Foreign occupiers of a host nation unlike those born in the host nation are generally there on the goodwill of the host nation. It is important to remember that a host country has no obligation to its foreign citizens other than universal rights. Therefore immigrants generally cannot complain about immigration policies, however dumb or immoral they appear to be. Accepting this, immigration policies can still be designed in a way that is highly beneficial to the host nation. The immigration goals of most countries are to expand the labour force. This can be a good deal for countries as they can get an above average addition to the labour force without having spent the money to educate them. Certain countries are known for being difficult countries to become a citizen in: Switzerland and Japan come to mind.
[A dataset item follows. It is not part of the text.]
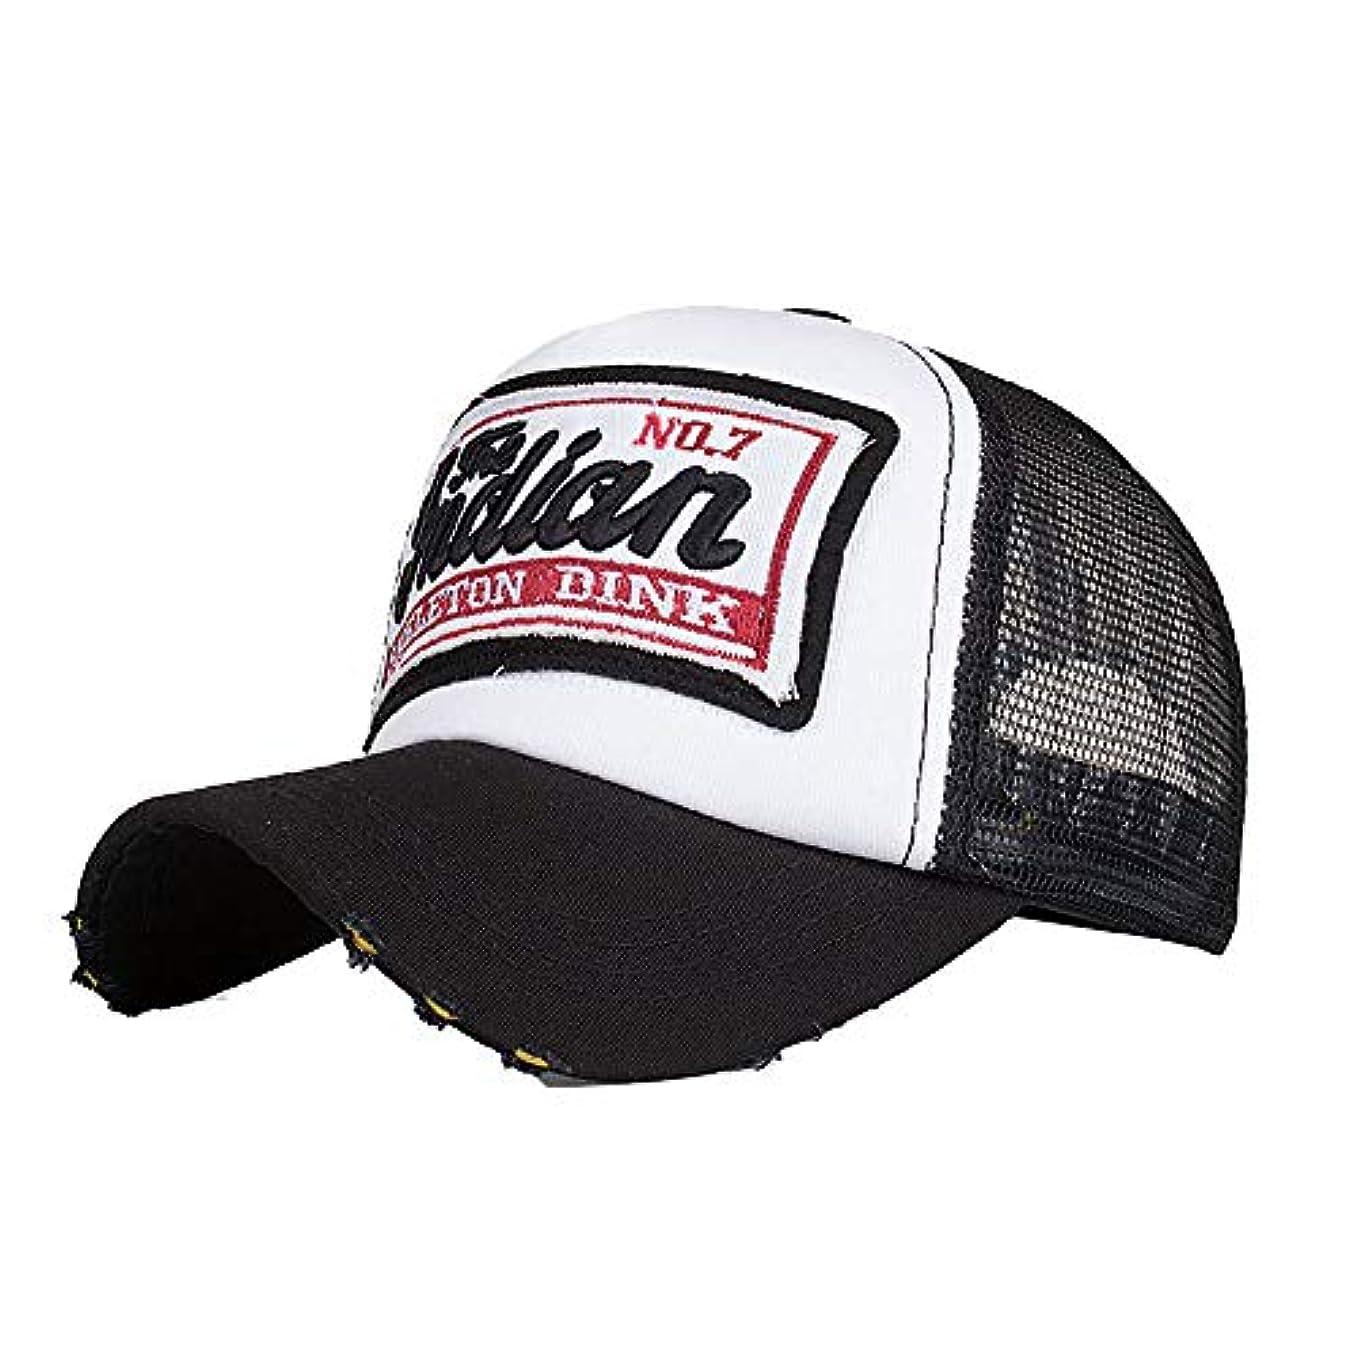 アンデス山脈民間カブRacazing パッチワーク 野球帽 ヒップホップ メンズ 夏 登山 帽子メッシュ 可調整可能 プラスベルベット 棒球帽 UV 帽子 軽量 屋外 Unisex 鸭舌帽 Hat Cap

But citizenship is only a subset of immigration. Citizenship is a symbiotic relationship where the country becomes obliged to offer the foreign citizen the same rights as it does its natural citizens. Even Switzerland and Japan are very happy to have foreign workers to expand their labour force, especially if the countries offer nothing in return. There is rarely a good argument to not allow a foreign citizen to pay the government a lot of taxes, when the government has no obligations back to the foreign citizen. One argument is that foreign workers take the jobs of domestic workers. That is not true, and there is even a fallacy named after it. The Lump of Labour fallacy is to assume that the labour market is zero-sum - that one person being allowed to work precludes another. When women entered the labour force, there was no appreciable increase in unemployment. Governments are actively increasing the retirement age, not lowering it. And very few economists would think that reducing the hours of a work week is sound economic policy. By the same logic, immigration does not necessarily result in increased unemployment. And where supply of labor does not increase more than its demand, we do not need to worry about wages. Certainly, wages for a certain class may fall a bit, the wages for the average citizen will not be affected.
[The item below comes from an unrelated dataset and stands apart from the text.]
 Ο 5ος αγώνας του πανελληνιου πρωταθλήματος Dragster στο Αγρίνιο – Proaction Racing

Using this as a theoretical base, governments therefore only need to at least compare the taxes it will receive from the citizen with the cost the citizen will cost for the nation. With the progressive way taxation works, a foreign citizen with an average equal to a domestic citizen will not contribute much in taxes at all (<$10k). Here the cost/benefit for the government is not entirely clear. One can argue that given the US is perpetually in deficit, that the average citizen is a negative contributor. Then again, the foreign citizen will not benefit from healthcare and social security. This is not to say that we cannot have immigration beyond this criteria, but at least this criteria seems grounded in indisputable logic.
Then there seems very little incentive for countries to put any limit on foreign citizens who want to work and given they pay taxes above a certain threshold the government deems to be acceptable. As such most nations around the world have very lax policies when it comes to allowing foreign citizens to work.